Histopathologic study
The animals' right buccal pouches were fixed in 10% formalin, embedded in paraffin, cut into 5-μm-thick sections and mounted on polylysine-coated glass slides. One section from each specimen was stained with hematoxylin and eosin for histopathologic examination.
The specimens were examined under light microscopy by two independent evaluators (K.K. and N.N.) and classified according to WHO criteria (31) in normal oral mucosa, epithelial hyperplasia, mild, moderate and severe epithelial dysplasia, carcinoma in situ, microinvasive SCC and well, moderately and poorly differentiated SCC (31). Mild epithelial dysplasia was considered as architectural disturbance limited to the lower third of the epithelium accompanied by cytological atypia, moderate as architectural disturbance extending into the middle third of the epithelium (consideration of the degree of cytologic atypia may require upgrading) and severe when greater than two thirds of the epithelium shows architectural disturbance with associated cytologic atypia (31).
Immunohistochemistry
Paraffin-embedded tissue sections of the animals' right buccal pouches were deparaffinized, immersed in ethanol 100% and 95%, and heated for antigen retrieval in 0.01 M citrate buffer for 25 minutes in a pressure cooker inside a microwave oven. After dehydration in hydrogen peroxide, the sections were incubated with primary antibodies at room temperature for 1 hour. The applied antibody for Ki-67 was a monoclonal Ki-67 antibody (Dako) diluted at 1:150. The applied antibody for survivin was Survivin Rabbit Polyclonal Antibody (Thermo Fisher Scientific) diluted at 1:50.

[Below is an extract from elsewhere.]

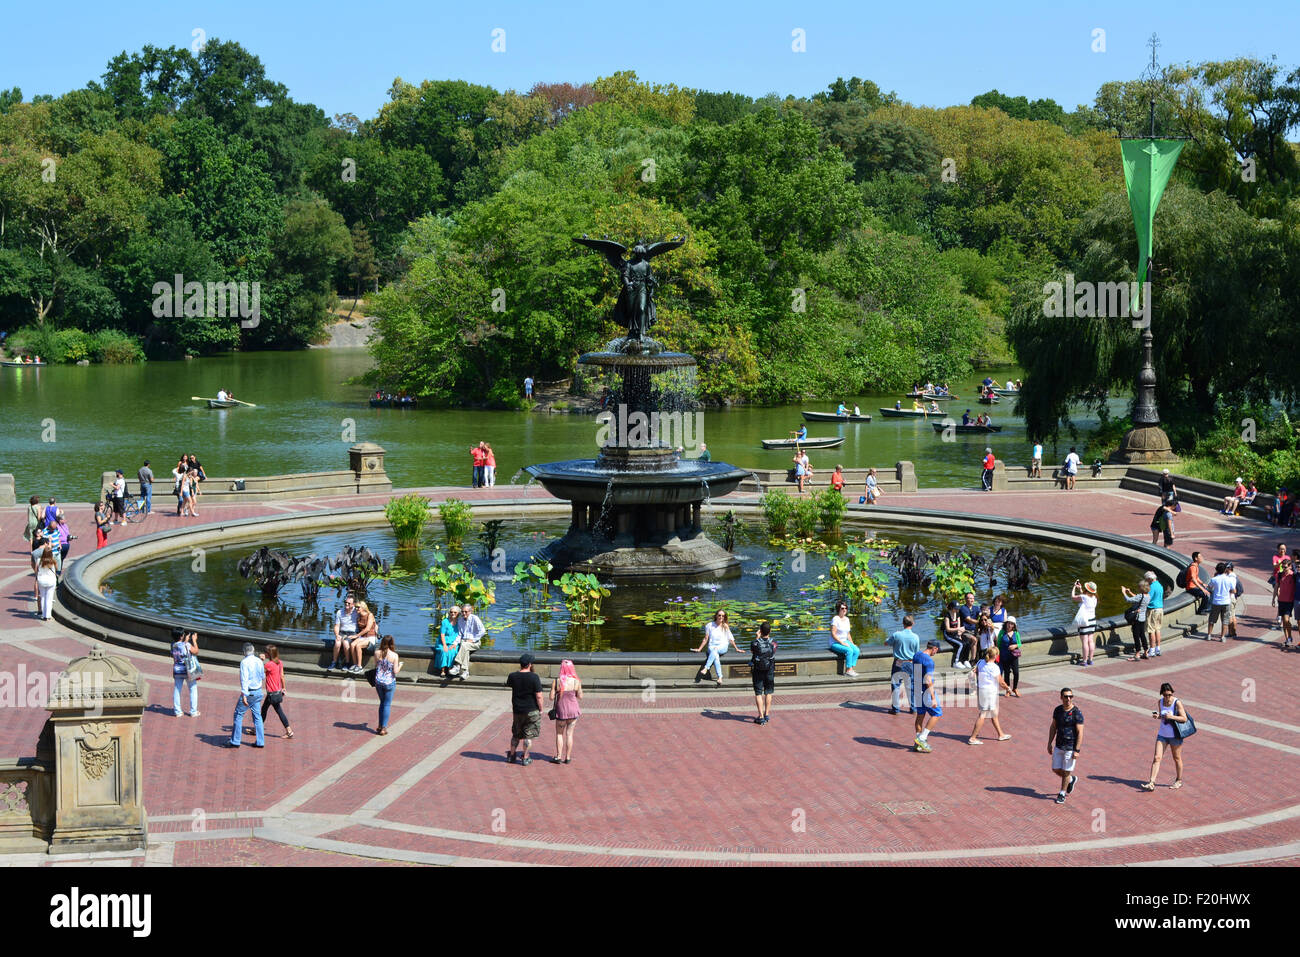 People enjoying a summer day at Bethesda Terrace in Central Park. Stock Photo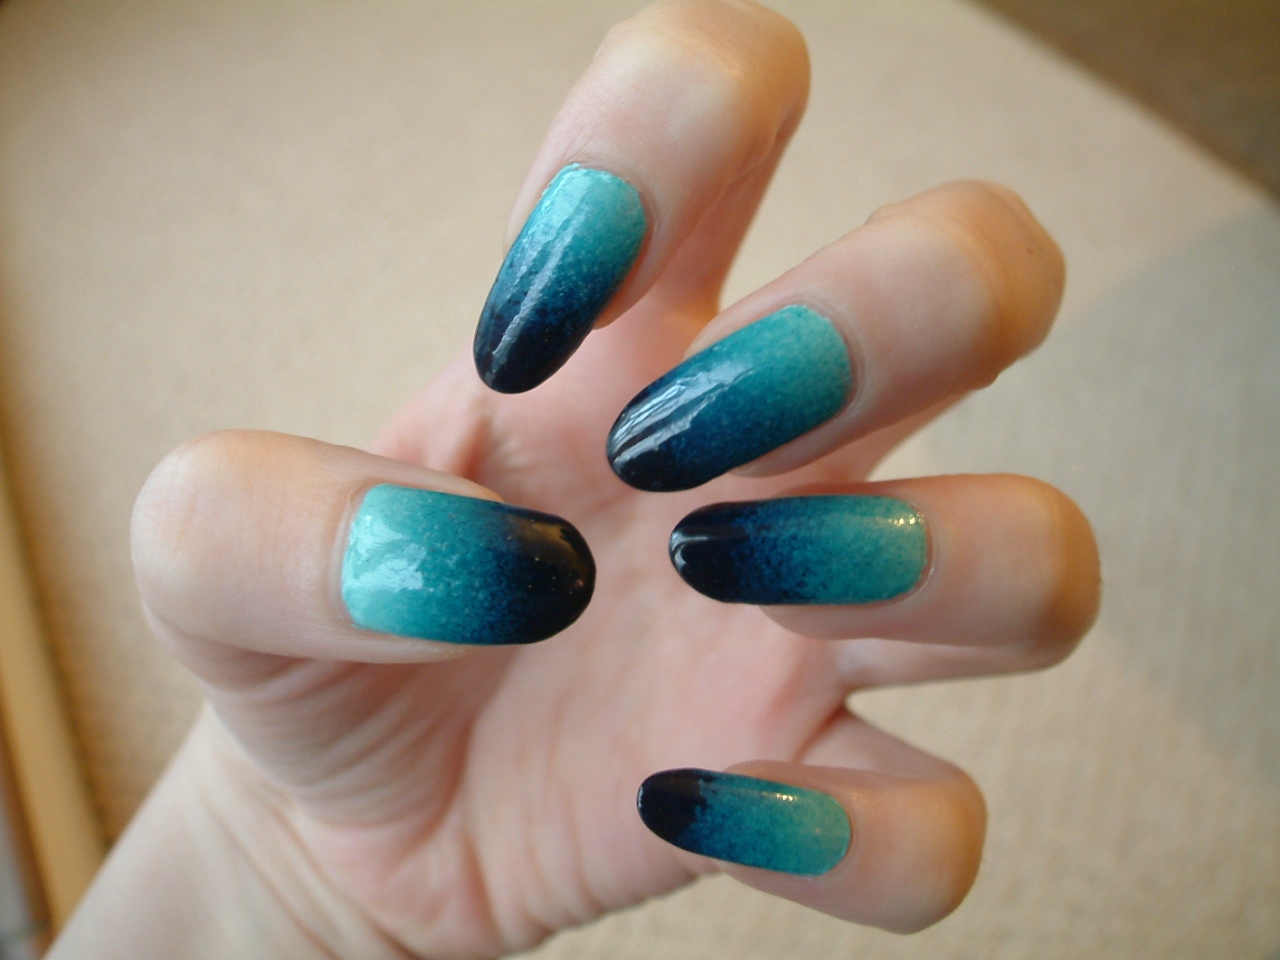 1. Emerald Green Ombre Nails - wide 3

Immunostaining was assessed by two independent evaluators (K.K. and N.N.). Immunohistochemical reactivity for Ki-67 and survivin was graded according to the percentage of positive cells and intensity of staining in comparison to negative control tissues.
Statistical analysis
Data are presented as mean ± SE. Tumor volume, development of epithelial dysplasia or oral SCC, degree of epithelial dysplasia, oral SCC differentiation, and depth of tumor invasion were statistically evaluated and the results for groups A2 and B were compared with group C2, respectively. Results for groups A1 and C1 were compared with each other. Furthermore, the proportion of Ki-67 and surviving staining in tissue specimens was compared between groups A1 and C1, and between groups A2 and C2 and B and C2, respectively. Statistical evaluation was performed with the program IBM Statistics (former SPSS) with analysis of variance (ANOVA) between the experimental groups and with Dunnett's post hoc control comparing group A1 with the control group C1 and group A2 and B with the control group C2.
Results
Results of macroscopical evaluation
There were no significant differences regarding the body weight and intake of food between the animals of all groups. Sulindac administration did not affect the body weight and no general toxicity was shown.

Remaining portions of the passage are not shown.